Proof of Stake is a newer and less battle-tested consensus mechanism that overcomes the energy inefficiencies of PoW. Instead of solving energy-intensive puzzles, PoS selects validators to create and verify blocks based on the amount of cryptocurrency they “stake” (lock up as collateral). The more coins a validator stakes and the longer they hold them, the higher their chances of being chosen to propose the next block. However, randomness is also introduced to prevent the richest participants from always dominating the process.

This system drastically reduces energy consumption and increases scalability. For example, Ethereum transitioned to Proof of Stake with its 2022 “Merge” upgrade, which cut the network’s energy usage by over 99.95%. Today, validators on Ethereum must stake at least 32 ETH to participate. For doing that, they receive rewards in the form of transaction fees and a small issuance of new ETH.

But there’s a catch: if validators act maliciously or go offline for long periods, they can be “slashed,” meaning a portion of their staked ETH is permanently destroyed. This economic penalty creates a strong incentive for validators to act honestly and maintain uptime.
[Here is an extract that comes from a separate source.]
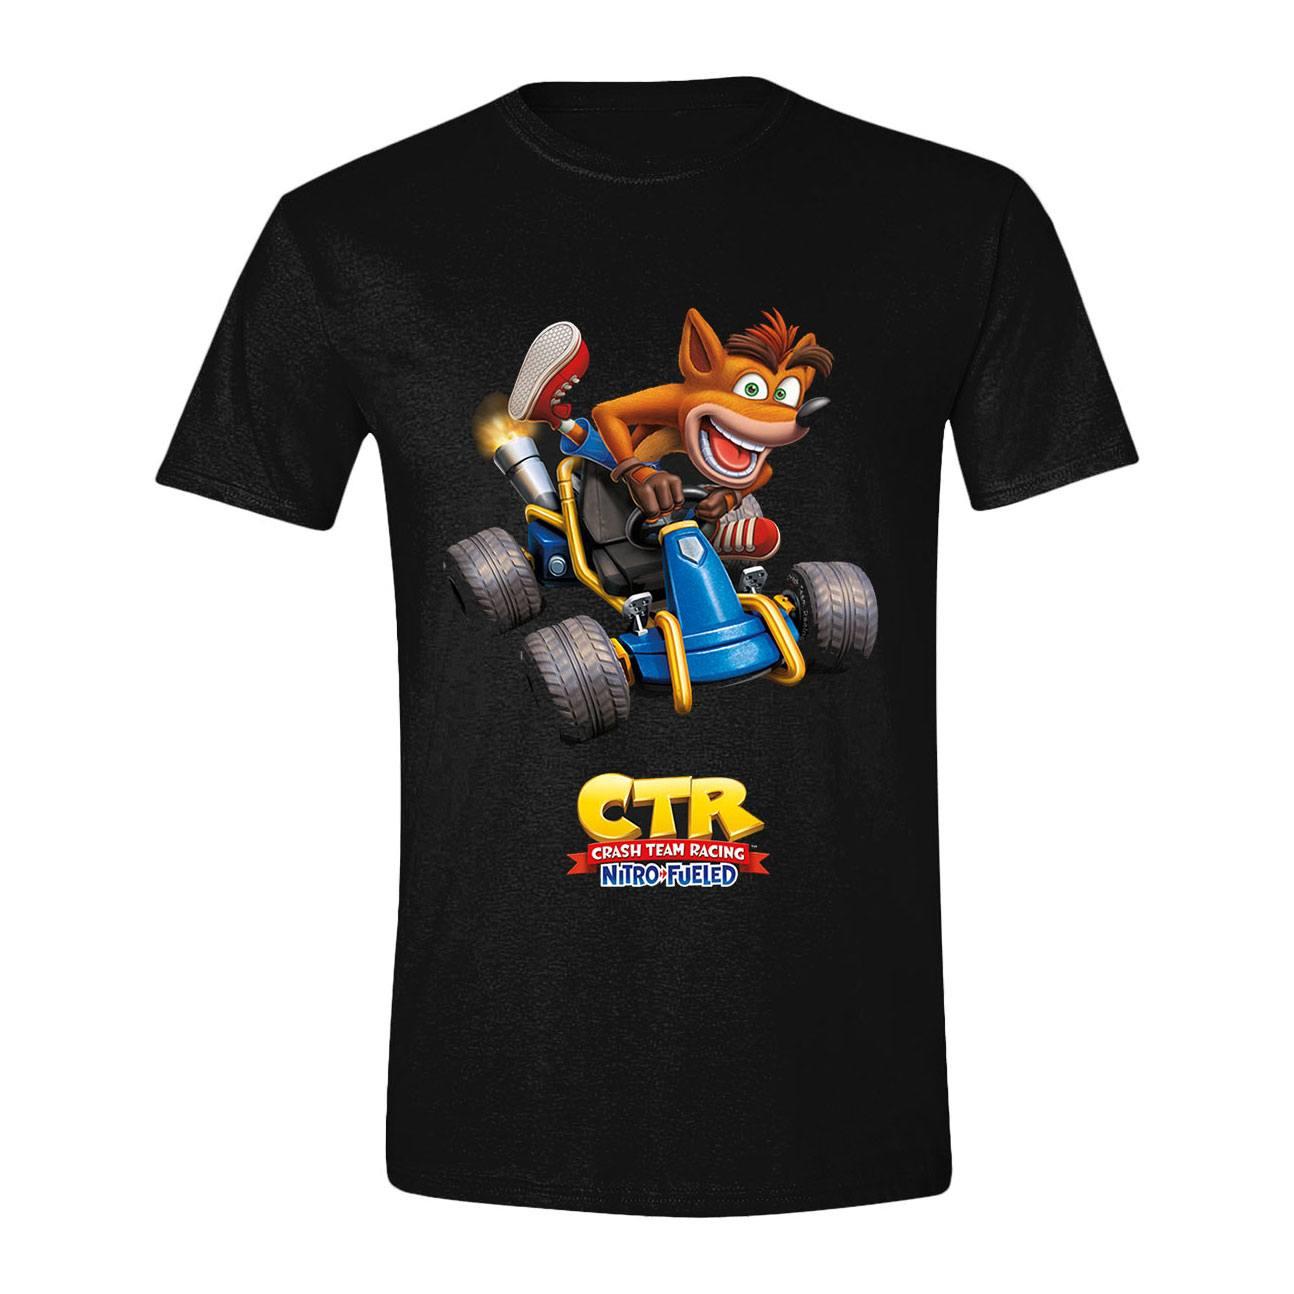 Crash Team Racing T-Shirt Crash Car Size XL

Proof of Stake is now the dominant consensus mechanism for many leading blockchains such as Avalanche (AVAX), Solana (SOL), Cardano (ADA), and many others. These networks benefit from faster transaction finality, lower hardware requirements, and better environmental sustainability, making PoS a popular choice for next-generation crypto projects.

Can I Send Money Using Blockchain?

Yes, you can send money via blockchain just like you would through a traditional banking app, but often faster and cheaper. Crypto wallets enable users to transfer funds across borders in minutes, without relying on banks or payment processors. To send money using blockchain:

  • Choose a cryptocurrency (BTC, ETH, stablecoins, or altcoins)
  • Get the recipient’s public address
  • Use your wallet to initiate and sign the transaction
  • Wait for network confirmation

Many platforms now allow crypto payments for goods, services, and remittances. For example, apps like BitPay and Coinbase Wallet streamline the process for everyday use. However, transaction times and fees may vary depending on network congestion and the crypto asset used.

Closing Thoughts

Understanding how crypto transactions work is vital for anyone participating in the wider blockchain ecosystem. These transactions enable peer-to-peer value transfer without the need for centralized intermediaries.

Each step, from signing with a private key to achieving consensus, ensures security, transparency, and efficiency. Blockchain’s design prevents manipulation by requiring agreement across a decentralized network.